• **Exercise objective**: The copy has to match the records word for word and include no pictures.

• **Records**:
────────
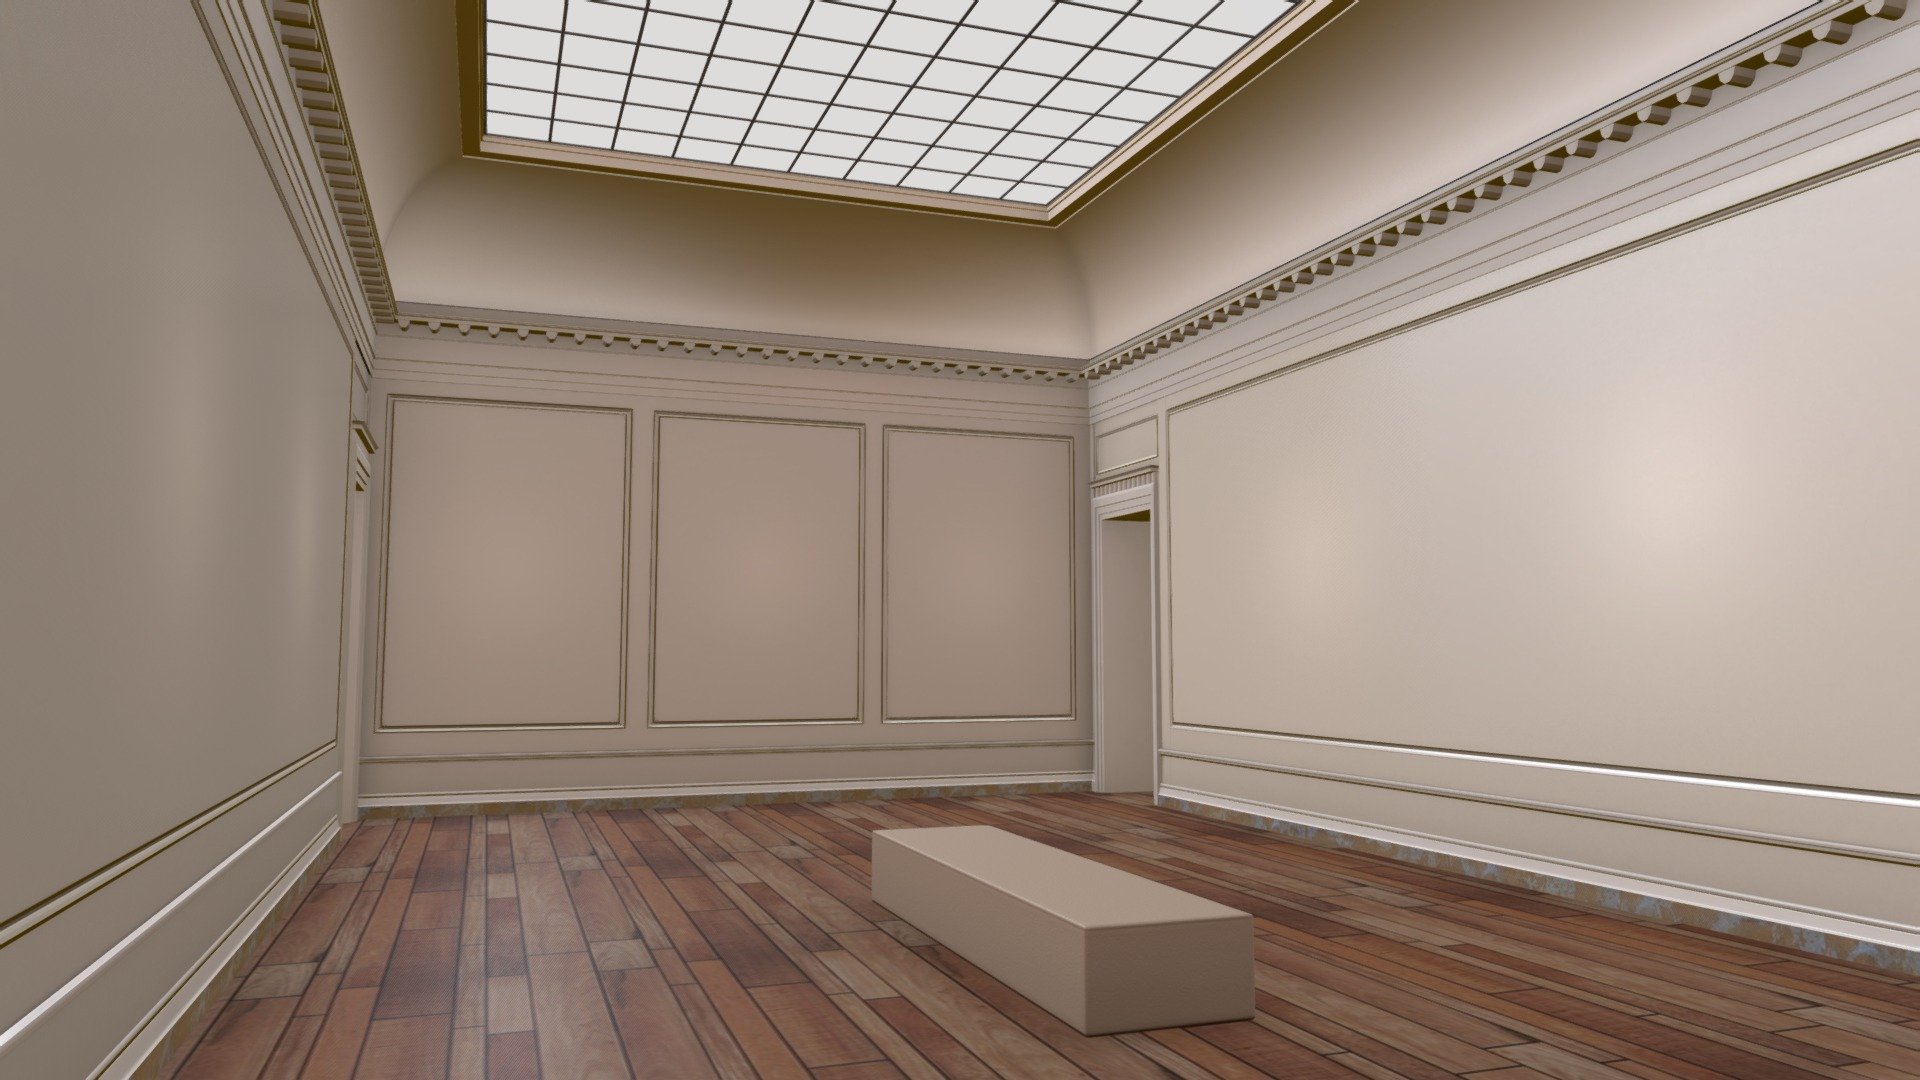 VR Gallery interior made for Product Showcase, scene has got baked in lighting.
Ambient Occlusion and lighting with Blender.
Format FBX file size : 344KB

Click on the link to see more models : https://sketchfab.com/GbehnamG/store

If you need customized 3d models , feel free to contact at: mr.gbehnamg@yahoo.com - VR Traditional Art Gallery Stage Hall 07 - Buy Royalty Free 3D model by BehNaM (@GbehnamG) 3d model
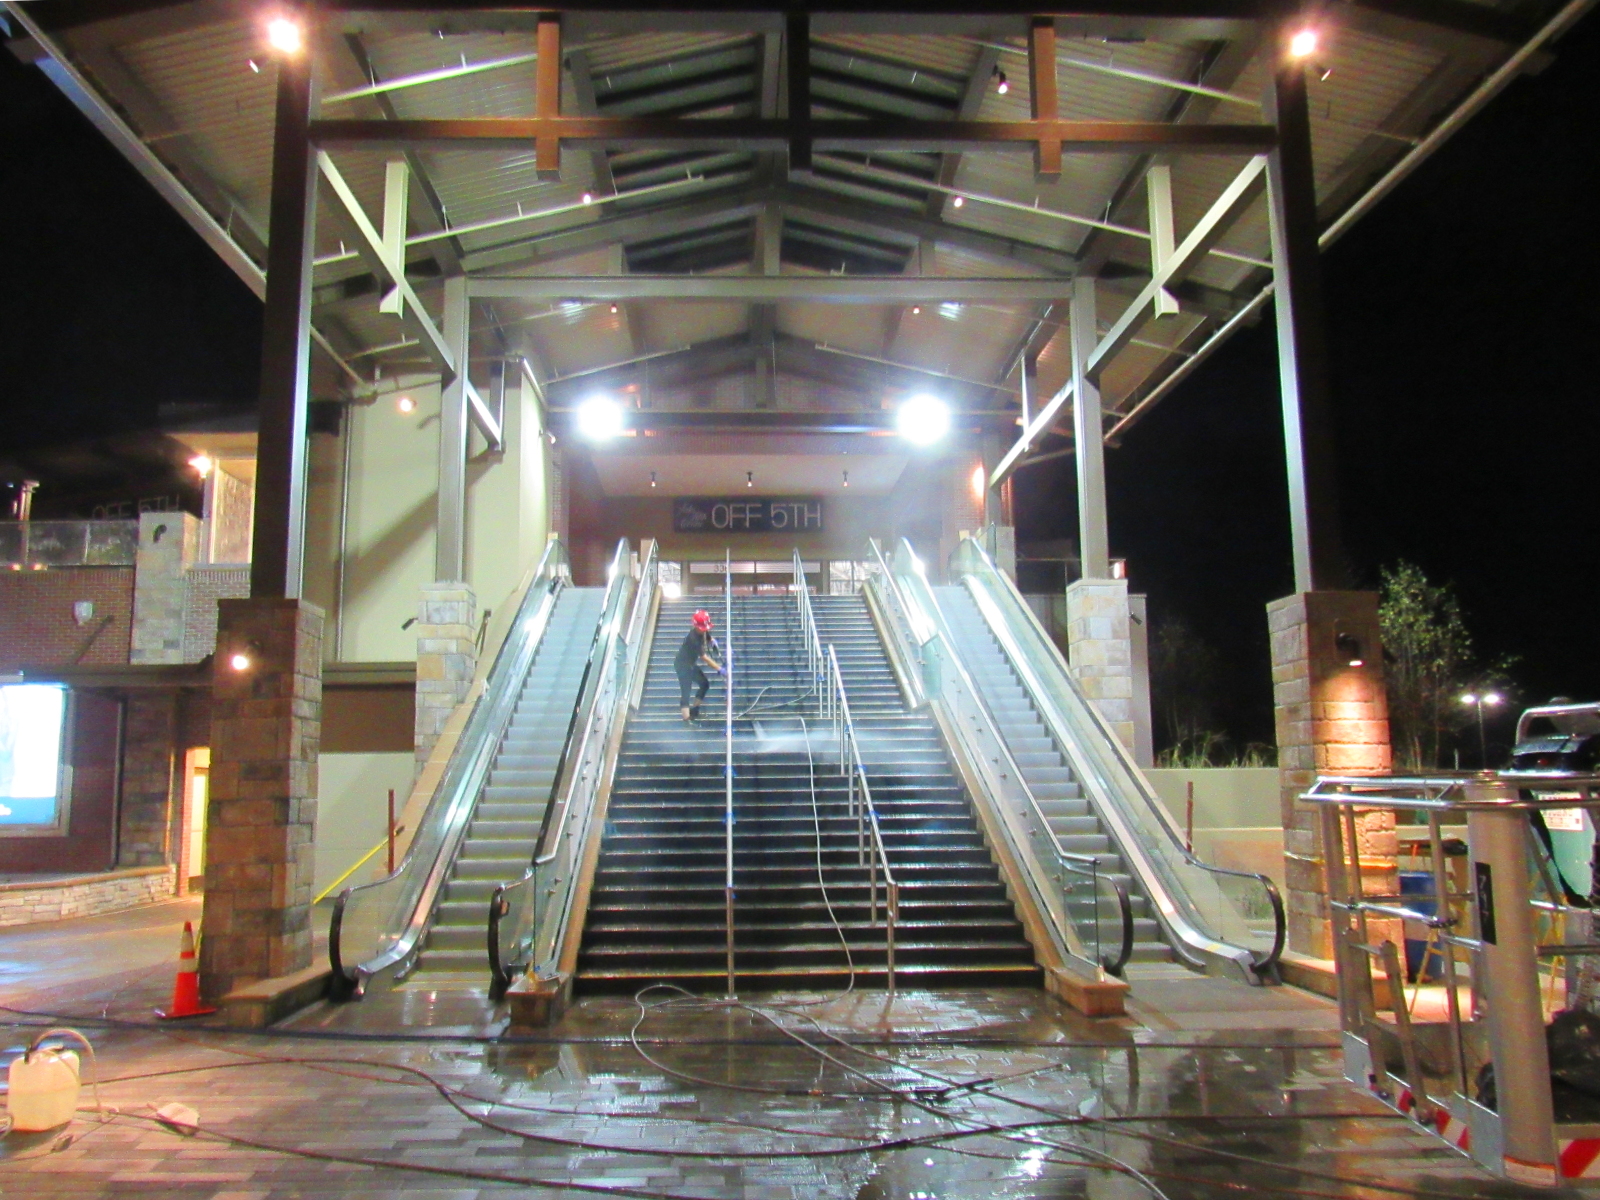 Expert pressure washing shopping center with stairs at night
────────
• **Answer to this problem**:
 VR Gallery interior made for Product Showcase, scene has got baked in lighting.
Ambient Occlusion and lighting with Blender.
Format FBX file size : 344KB

Click on the link to see more models : https://sketchfab.com/GbehnamG/store

If you need customized 3d models , feel free to contact at: mr.gbehnamg@yahoo.com - VR Traditional Art Gallery Stage Hall 07 - Buy Royalty Free 3D model by BehNaM (@GbehnamG) 3d model
 Expert pressure washing shopping center with stairs at night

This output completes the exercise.